Reconozco que la oferta me llamó la atención de inmediato.
Debí haber dudado cuando pregunté quién se haría cargo de los costes y nadie supo o quiso responderme, o cuando tuve que firmar la cláusula en la que aceptaba sine qua non no abandonar el yacimiento hasta tener permiso expreso para hacerlo.
Lo cierto es que acepté sin dudarlo. Las promesas que aquella excavación encerraban eran muchas y cuantiosas. Ser la primera persona que ponía pie en la remota isla de Mevvay, en el archipiélago de Dunnya tras varios siglos era quizá suficiente acicate, pero además me ofrecían viajar acompañada de un grupo selecto de arqueólogos que yo misma tendría la libertad de escoger a mi gusto. La empresa o magnate a cargo se hacía cargo del resto: provisiones, campamento y un pequeño equipo de paramilitares con la expresa orden de mantenernos a salvo pasara lo que pasara.
Debí haber sospechado entonces. Hasta donde yo sabía, nada había en la isla de Mevvay que justificara la presencia de soldados. Pero si reparé en ello fue solo de soslayo. Lo que reclamaba toda mi atención entonces era la posibilidad de hallar en aquellas costas los restos del naufragio de una expedición vikinga que había encontrado la muerte en los acantilados de la isla. Con algo de suerte, tal vez incluso pudiéramos hallar alguna tumba o restos de asentamientos que relataran la historia de supervivientes.
El naufragio vikingo había tenido lugar en el siglo VIII y era de sobra conocido por todos los que nos movíamos en el mundillo arqueológico. El acceso a la isla, sin embargo, había estado vetado desde hacía años. La titularidad se guardaba con curioso celo y ninguno de mis colegas ni yo misma sabíamos quién era el dueño de aquel lugar inexplorado. Quizá se entenderá así que accediera sin gran recelo a liderar la excavación que nos habían encomendado.
Partimos en mayo. Nuestro grupo lo formaban dos expertos en arqueología náutica, un reputado profesor universitario con amplios conocimientos de historia escandinava, el becario que mi universidad acababa de asignarme y yo misma. El equipo de paramilitares era más amplio que el nuestro. Lo constituían dos mujeres y cinco hombres y, aunque no hubiesen llevado los trajes tácticos, los habría reconocido de igual modo por su corpulencia, la adustez de su gesto y sus maneras de desenvolverse, más acostumbradas a responder a órdenes que a entablar conversación.

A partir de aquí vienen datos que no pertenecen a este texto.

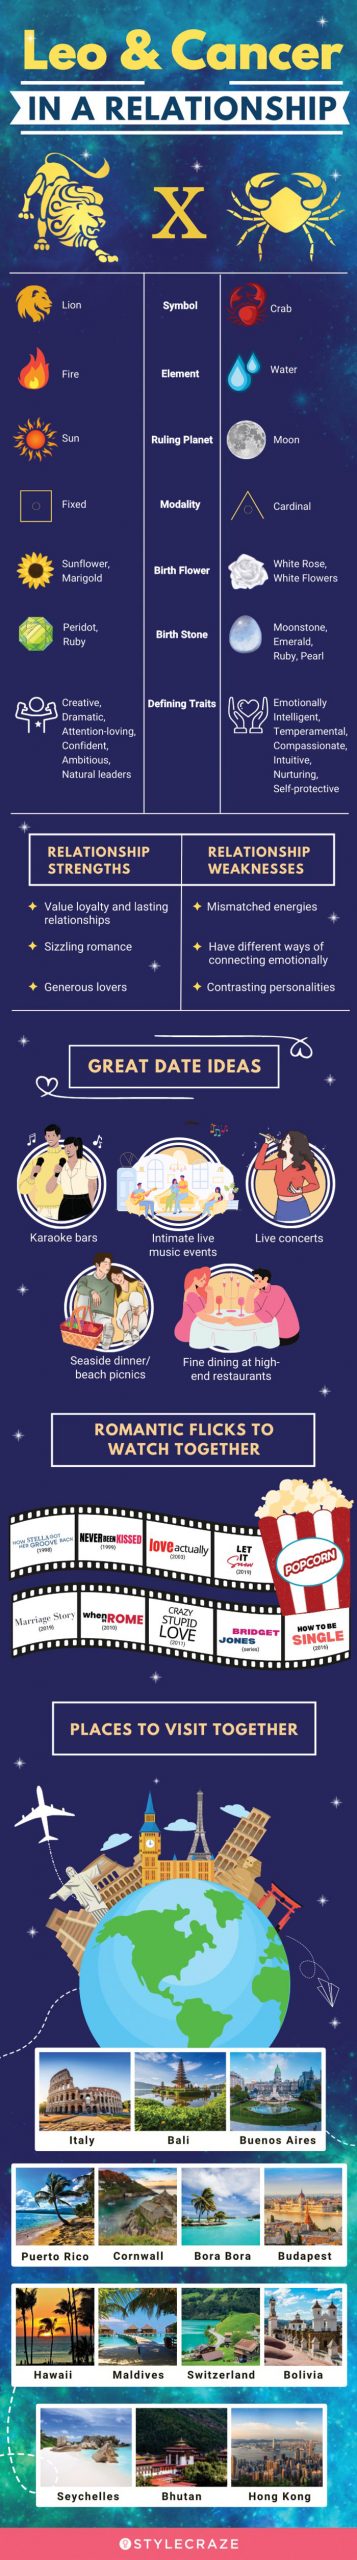 leo and cancer in a relationship (infographic)

La embarcación que nos dejó en la costa se marchó tan pronto estuvimos en tierra firme, bajo promesa de regresar una semana más tarde, pero nosotros solo teníamos ojos para la isla. Lindando el perfil de arena que lamían las aguas siempre violentas del mar, se extendía el verde en una monotonía plana en la que solo algunos árboles raquíticos despuntaban entre la hierba salvaje.
Mientras el equipo militar desplegaba tiendas de campaña y disponía un sistema de balizas de protección a lo largo del perímetro de lo que sería nuestro campamento, el resto nos dedicamos a explorar. No tardamos en hallar indicios de los lugares en que iniciaríamos las excavaciones. Varios barcos de piedra, con las rocas horadadas por el viento, marcaban las tumbas.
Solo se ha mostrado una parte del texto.